Create Your Own DeepMind Barkour Robot

Exploring Google-DeepMind’s Barkour Project
Google-DeepMind is making significant advancements in the world of robotics through its Barkour project. This initiative focuses on quadruped robots that can rival the agility of real dogs. One exciting development is that the hardware designs for these robots have been made openly available to the public.
Meet the Barky Robots
The Barky robots are designed specifically for studying “animal-level agility.” These agile quadrupeds are not only impressive to watch, but they are also replicable. Interested individuals can access the necessary hardware information from the Google-DeepMind Barkour Robot repository on GitHub. This repository contains a variety of resources, including:
- CAD designs
- PCBA (Printed Circuit Board Assembly) designs
- Assembly instructions
The project is licensed under the Apache 2 license, allowing for easy replication. While the core software, including firmware and low-level coding, is available, higher-level artificial intelligence (AI) code is not included. However, Google-DeepMind has made it easier for developers to create their own software solutions.
The Barkour Agility Course
Since the onset of the Barkour project in 2022, researchers at Google-DeepMind have been working to establish benchmarks for comparing the performance of robotic quadrupeds. They created an agility course inspired by real dog agility competitions. This course features several challenges, such as:
- A pause table
- Weave poles
- An A-frame climb
- Jump obstacles
These challenges require the robots to navigate the course effectively while achieving the best time. The research team devised two main approaches to evaluate performance on this agility course:
Approach One: Specialist Locomotion Skills
In the first approach, researchers trained the robots using reinforcement learning techniques. This focused on developing specialized locomotion skills, which were then combined with a high-level navigation controller.
Approach Two: Generalist Locomotion Policy
The second method involved distilling the specialized skills into a Transformer-based generalist locomotion policy. This approach enables the robots to adapt to various terrains and modify their gait based on environmental conditions and their internal states.
Through these techniques, the custom-built quadruped robot called "Barky" was able to complete the course at approximately half the speed of a live dog, showcasing its capabilities in intricate navigation tasks. This performance was verified by training real dogs to undertake the same course.
Further Resources
For those interested in diving deeper into the details, the findings are documented in the paper titled "Barkour: Benchmarking Animal-level Agility with Quadruped Robots." A video summary is also available for a quick overview.
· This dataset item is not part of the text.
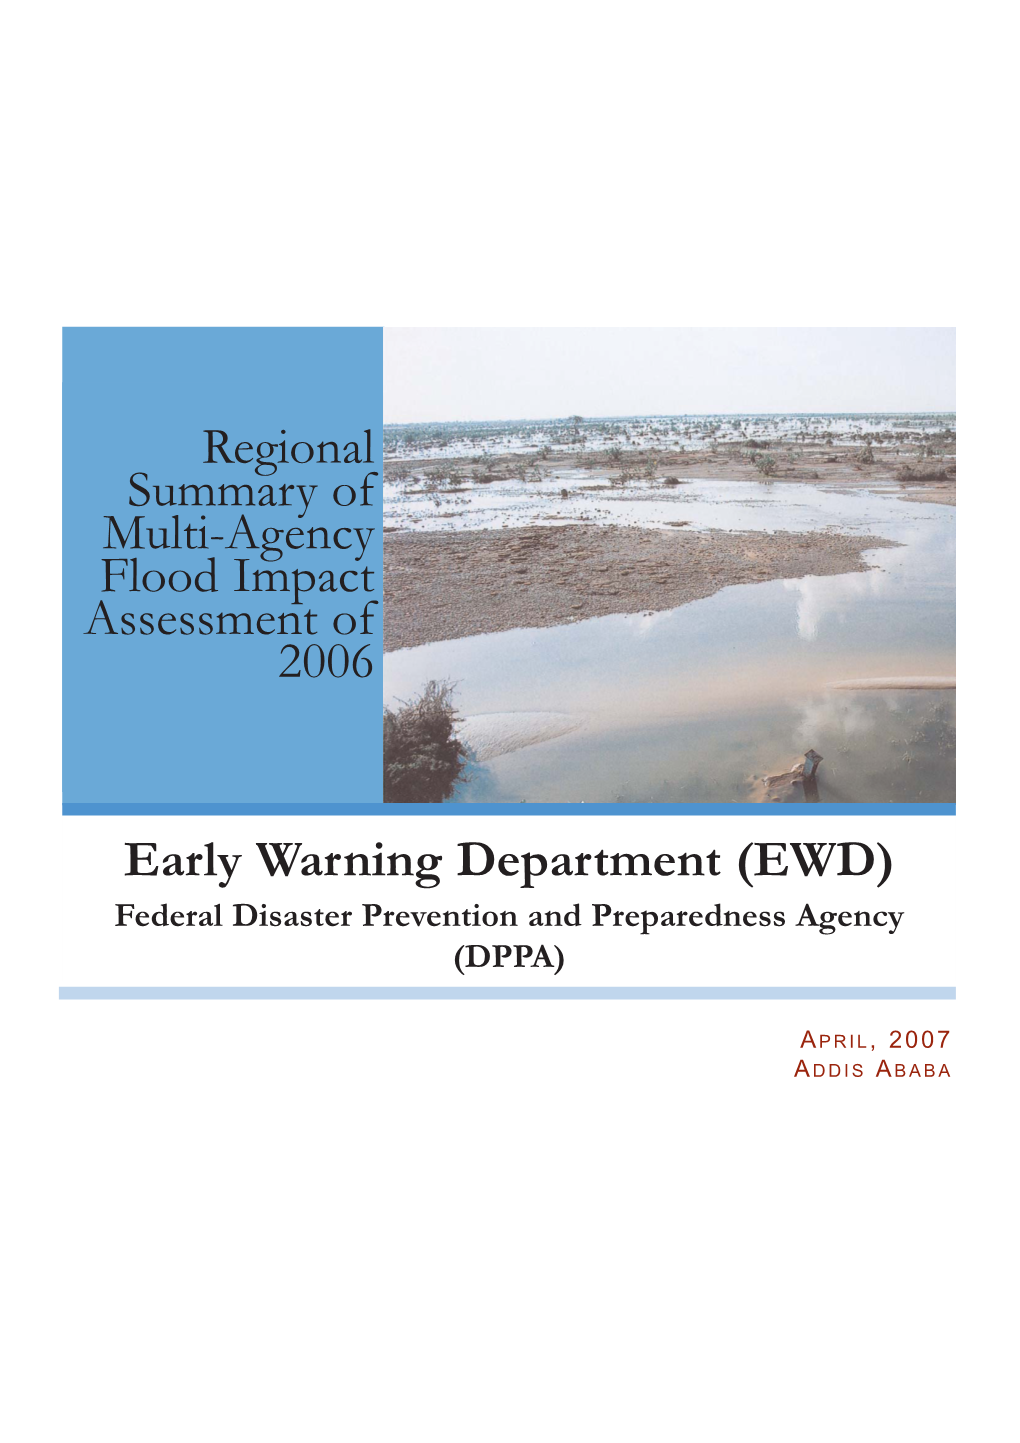 Early Warning Department (EWD) Regional Summary of Multi-Agency

Additional Robotics Collections
Barkour is also featured as a part of the MuJoCo menagerie, a collection of high-quality, open-source robot models designed for the MuJoCo physics engine. This collection includes various quadruped simulations, such as:
- Unitree Go
- Anybotics ANYmal
- Boston Dynamics Spot
These resources serve as valuable tools for researchers and developers in the robotics community.
Where to Find More Information
For more insights, the following links are available:
- Barkour on GitHub
- MuJoCo Menagerie on GitHub
- Barkour Research Paper on arXiv (Link to be provided by the original source)
Whether you are a researcher, developer, or simply interested in robotics, the Barkour project offers a rich opportunity to explore the future of agile robotics, encouraging innovation and experimentation in the field.